3. Inforegister.ee fallback + cross-source corroboration. ee_inforegister_financials.py
is a fallback (and second-source check) for the cases avaandmed can't serve —
a company whose report content is not yet in the structured open-data elements
(very recent or micro filings). It reads the same RIK figures that Inforegister
republishes free + login-less as embedded chart JSON (<script type= "application/json"> blocks), parsed per-block by the block's own year header so a
quarterly series can't be mistaken for the annual figure, and forecast columns
("2025*") are excluded. It is fallback-only (used by _fetch_country_financials
when the official avaandmed path returns {}) and labelled aggregator-sourced
(source="Inforegister.ee (aggregator)" + source_url), per consequence (d) —
never presented as the primary registry. Honest residuals: equity is not in the
chart JSON (omitted, not guessed); a slug mismatch 404s to an honest gap (no fuzzy
fetch). Validated live: OB Holding FY2024 revenue €42,538,000 / net profit
€24,601,000 / assets €57,453,000 — identical to avaandmed, giving an independent
cross-source confirmation.
Alternatives considered
- Commercial EE credit bureau (Creditinfo Eesti / Inforegister REST) as primary. Rejected as first move — contract + cost — when the official open data is free and verified. Kept as an optional config-gated channel (Wave 6) if the free path proves insufficient.
- Per-request download+parse of the 23MB ZIP. Rejected — not viable per request; requires the ingest table + refresh job in decision #1.

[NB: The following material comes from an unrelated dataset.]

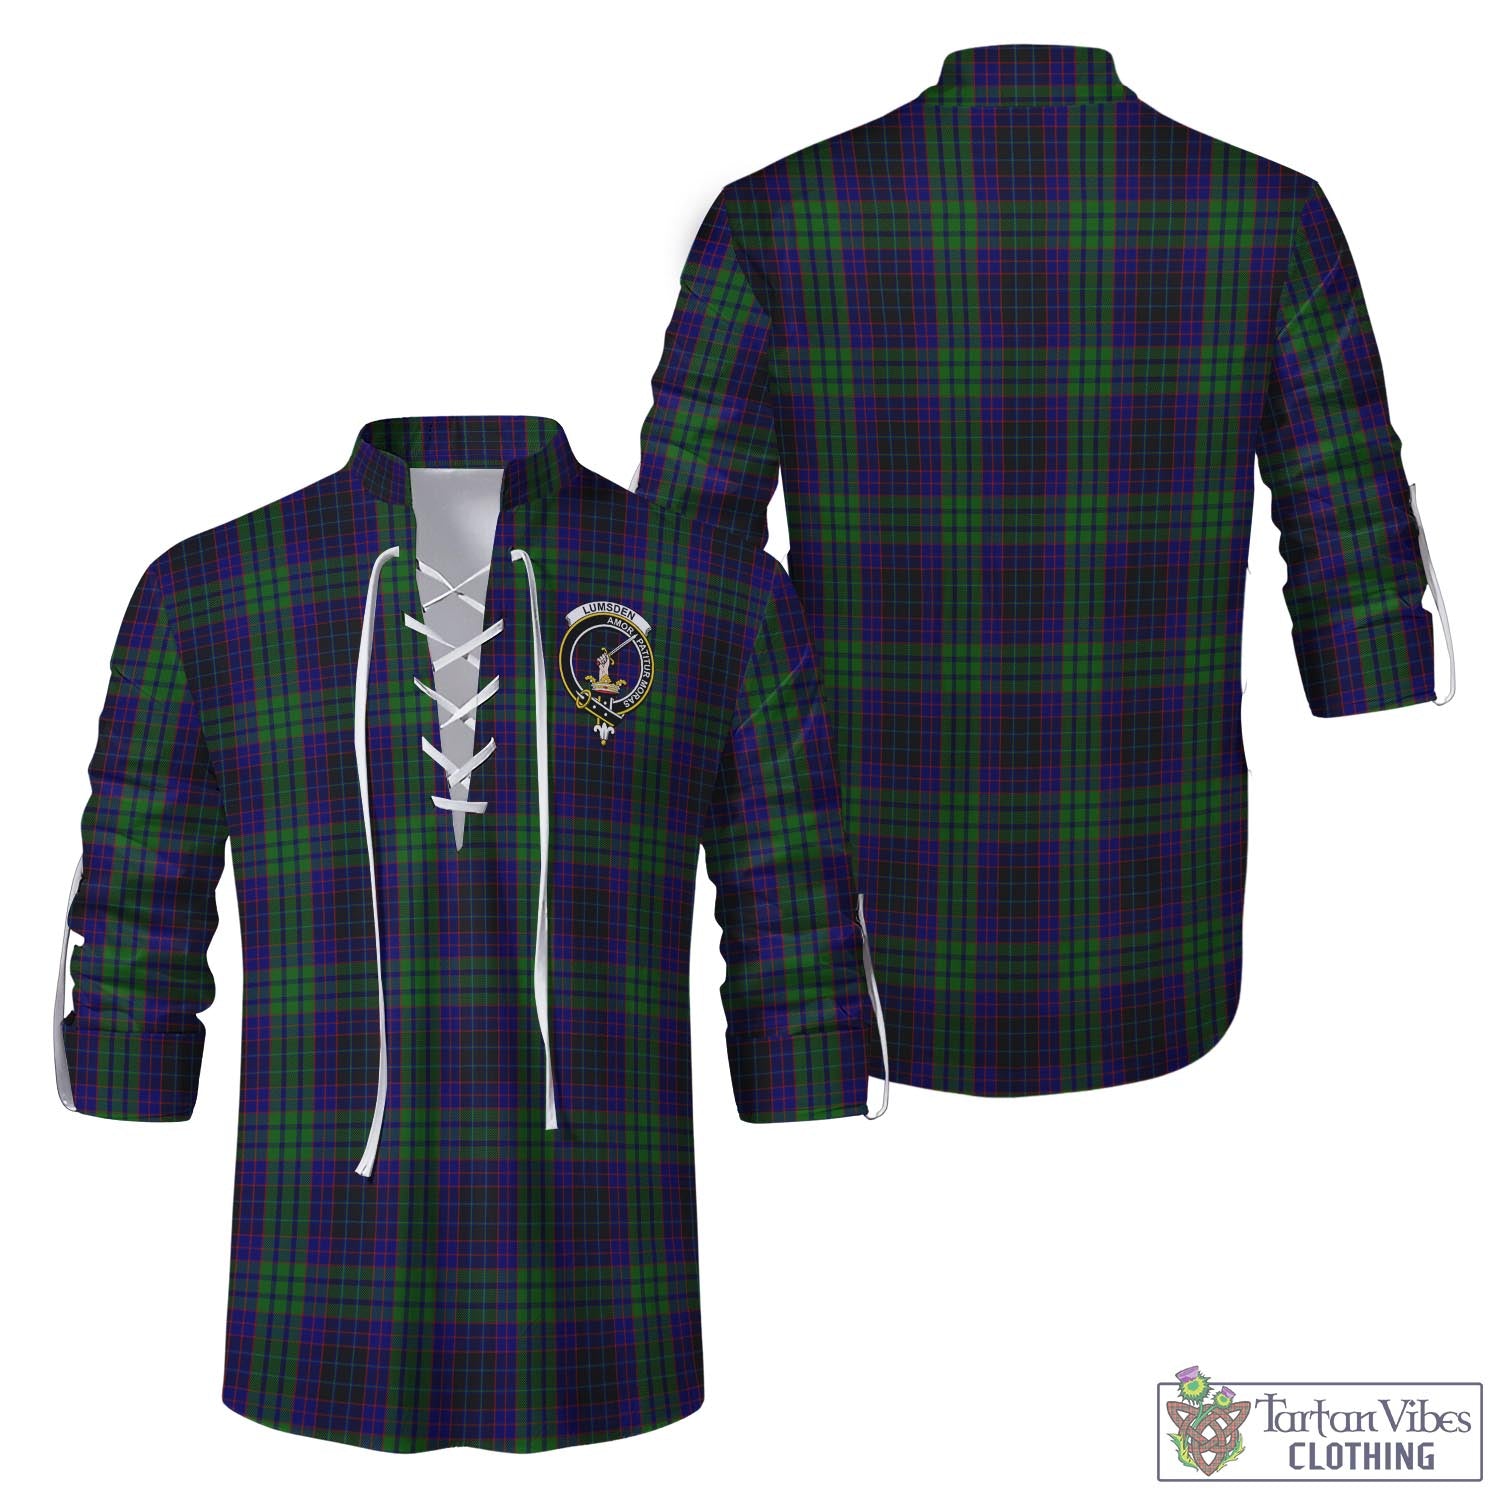 Tartan Vibes Clothing Lumsden Green Tartan Men's Scottish Traditional Jacobite Ghillie Kilt Shirt with Family Crest
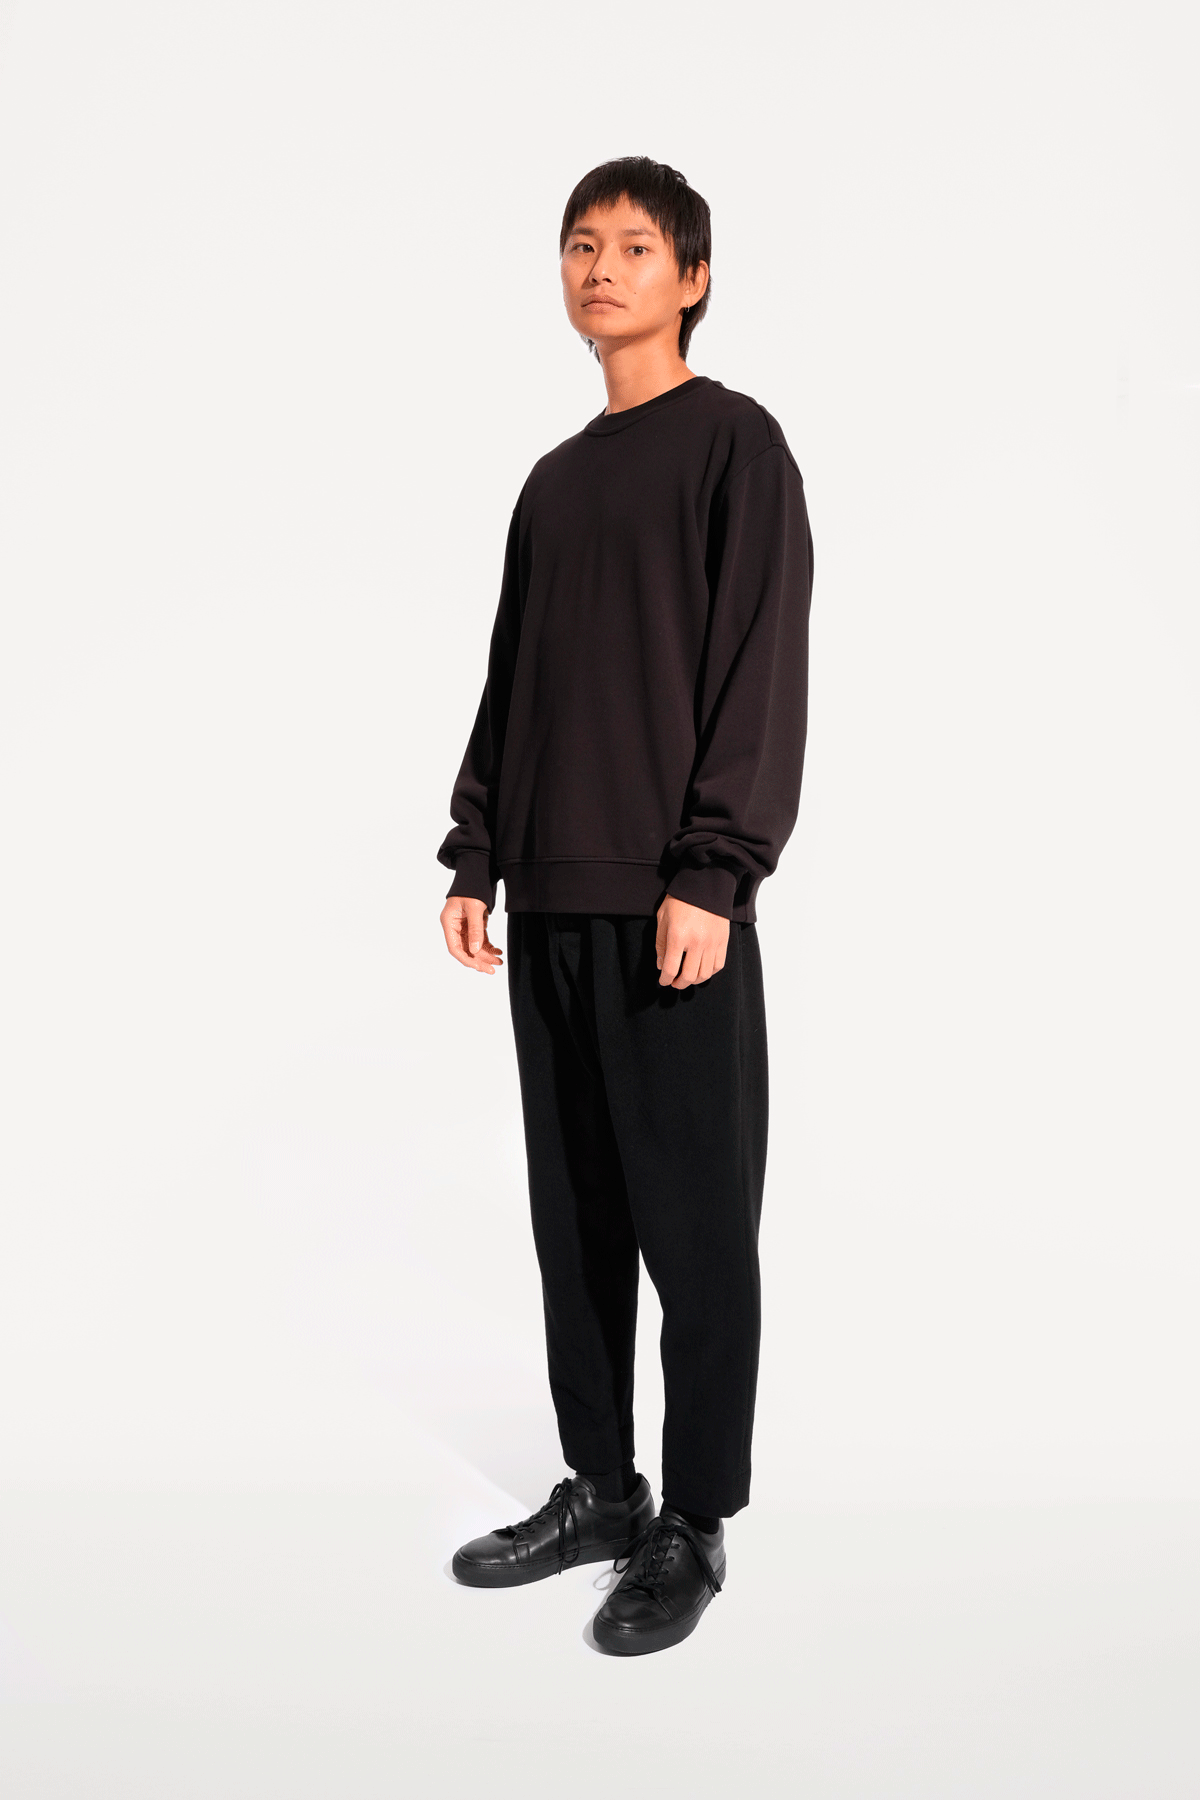 oftt - 02- reversible sweatshirt - black - organic cotton fleece - image 9

- Keep the hard-coded string. Rejected — it is actively misleading (asserts unavailability where free data exists) and violates ADR-0067 honesty.
References
ADR-0073 (R11 financials-ingestion gap), ADR-0048 (financial-analysis agent — unchanged consumer), ADR-0068 (country-capability registry), ADR-0080 (FINANCIAL_STATEMENTS capability signal — pairs with this), ADR-0067 (fail-closed honesty), ADR-0021 (evidence bundle) / ADR-0063 (append-only persistence — per-case as-of snapshot retention), ee_ariregister_service.py, no_regnskapsregisteret.py, financial_utils.py, research doc docs/research/2026-06-28-ob-holding-reachability-investigation.md.